WHEREAS, the Partners have entered into the Agreement;
WHEREAS, Section 11.2(a) of the Agreement provides that, except as otherwise expressly provided, the Agreement may not be amended, modified, superseded or restated without the approval of the General Partner, subject to specified exceptions requiring the approval of certain Partners;
WHEREAS, the changes contemplated by this Amendment do not require separate approval beyond that of the General Partner; and
WHEREAS, the General Partner has approved this Amendment by resolution dated December 31, 2013.

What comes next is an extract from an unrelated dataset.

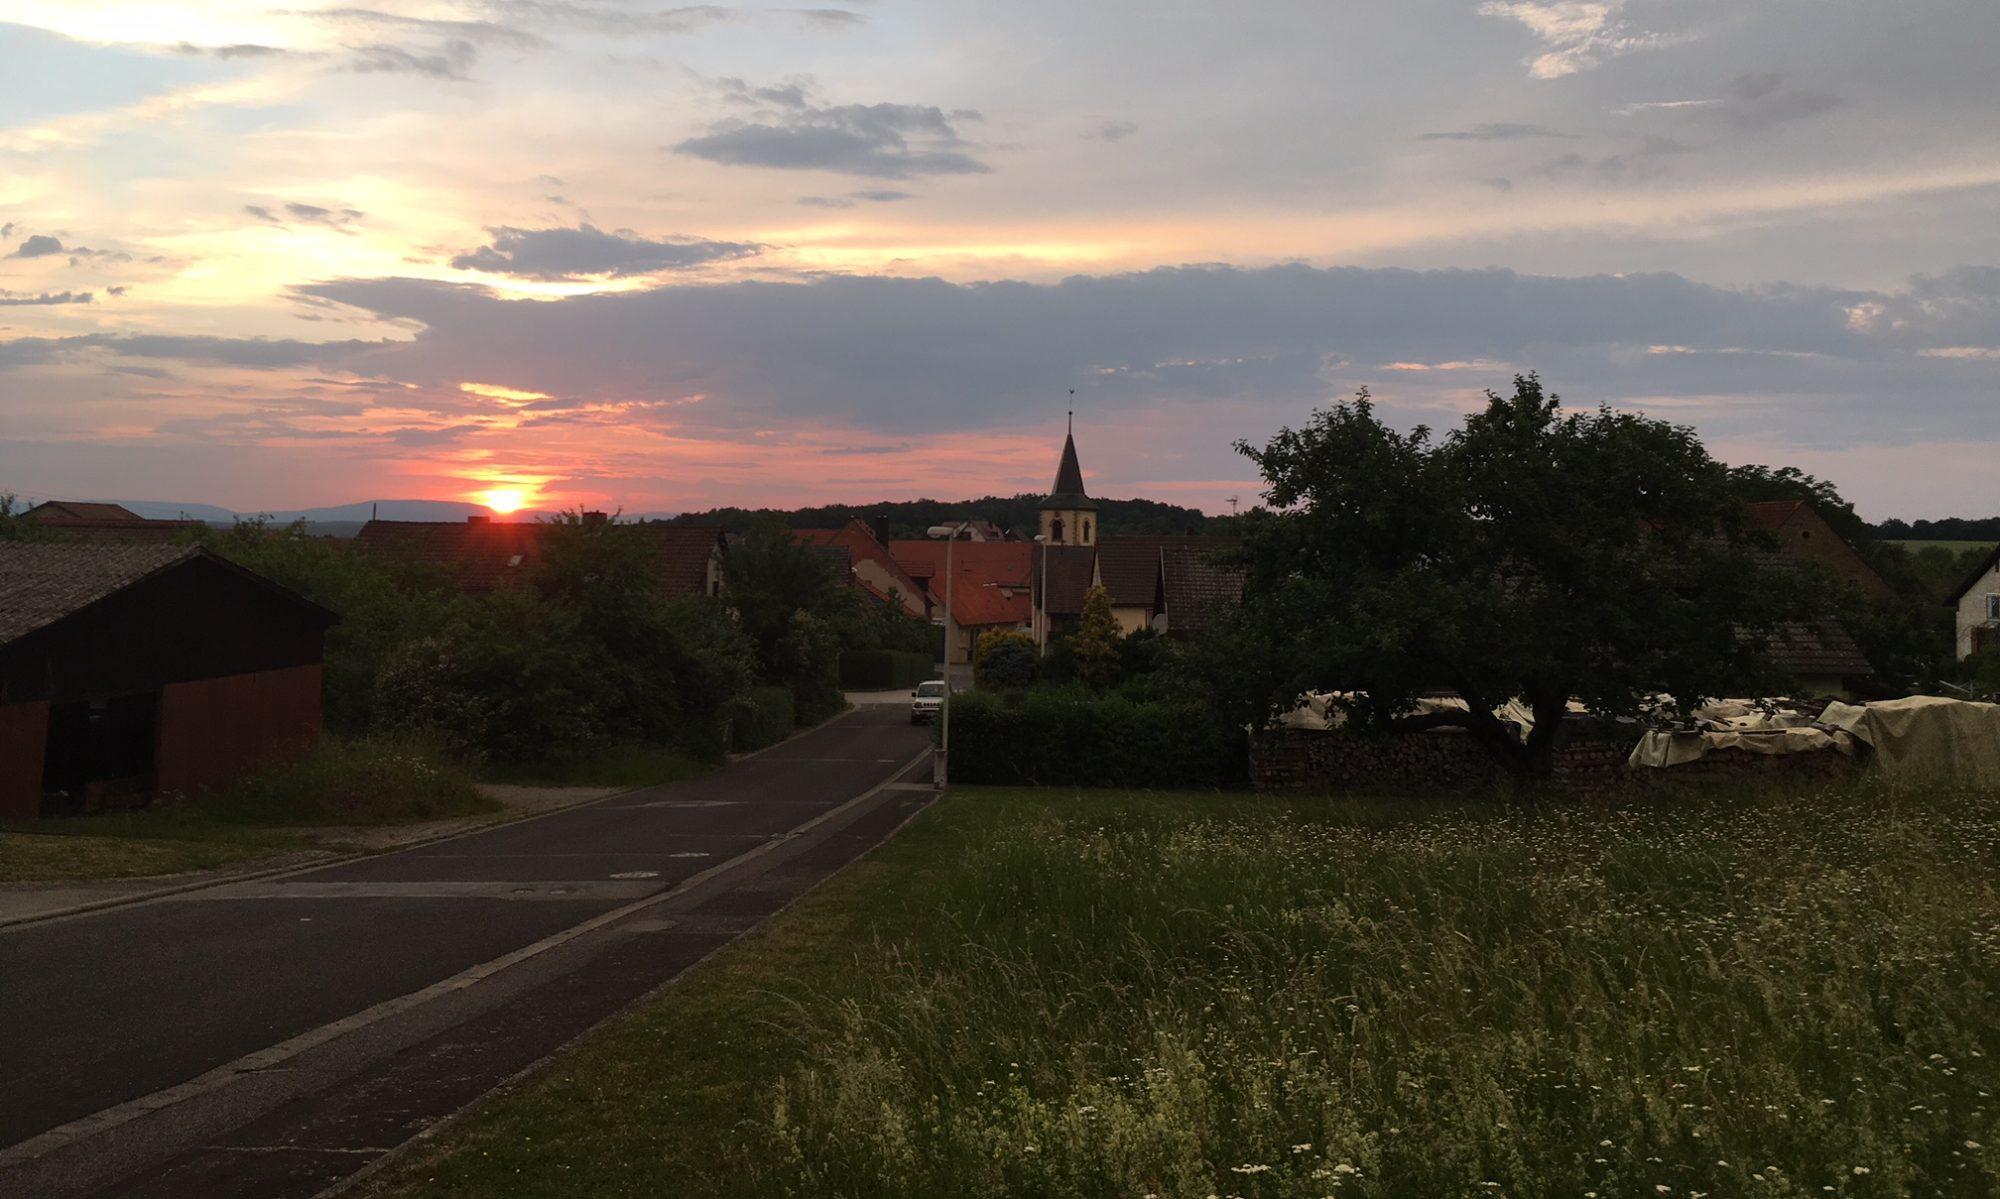 Serwichhausen

NOW, THEREFORE, pursuant to Section 11.2(a) of the Agreement, the Agreement is hereby amended as follows: The following amendments shall take effect as of the date hereof:
1.1 Amendments. The following amendments shall take effect as of the date hereof:
(a) Article 1 of the Agreement is hereby amended by deleting clause (e) of the definition of “Permitted Transfer” contained therein and inserting in lieu thereof the following clause:
(e) with respect to a Partnership Group Interest, (i) a Transfer by either of EMG or Xxxxx Xxxxxxxx to one of its members or partners, as applicable or (ii) a Transfer by a Partner that has been approved by the Board and is being made in order to facilitate a bona fide charitable contribution or estate planning transaction; provided, in each case that such transferee agrees as a condition to such Transfer to effect, and actually effects, a substantially concurrent Exchange of such Partnership Group Interest; and
1.1 Severability. In the event any provision of this Amendment is held to be illegal, invalid or unenforceable to any extent, the legality, validity and enforceability of the remainder of this Amendment shall not be affected thereby and shall remain in full force and effect and shall be enforced to the greatest extent permitted by law.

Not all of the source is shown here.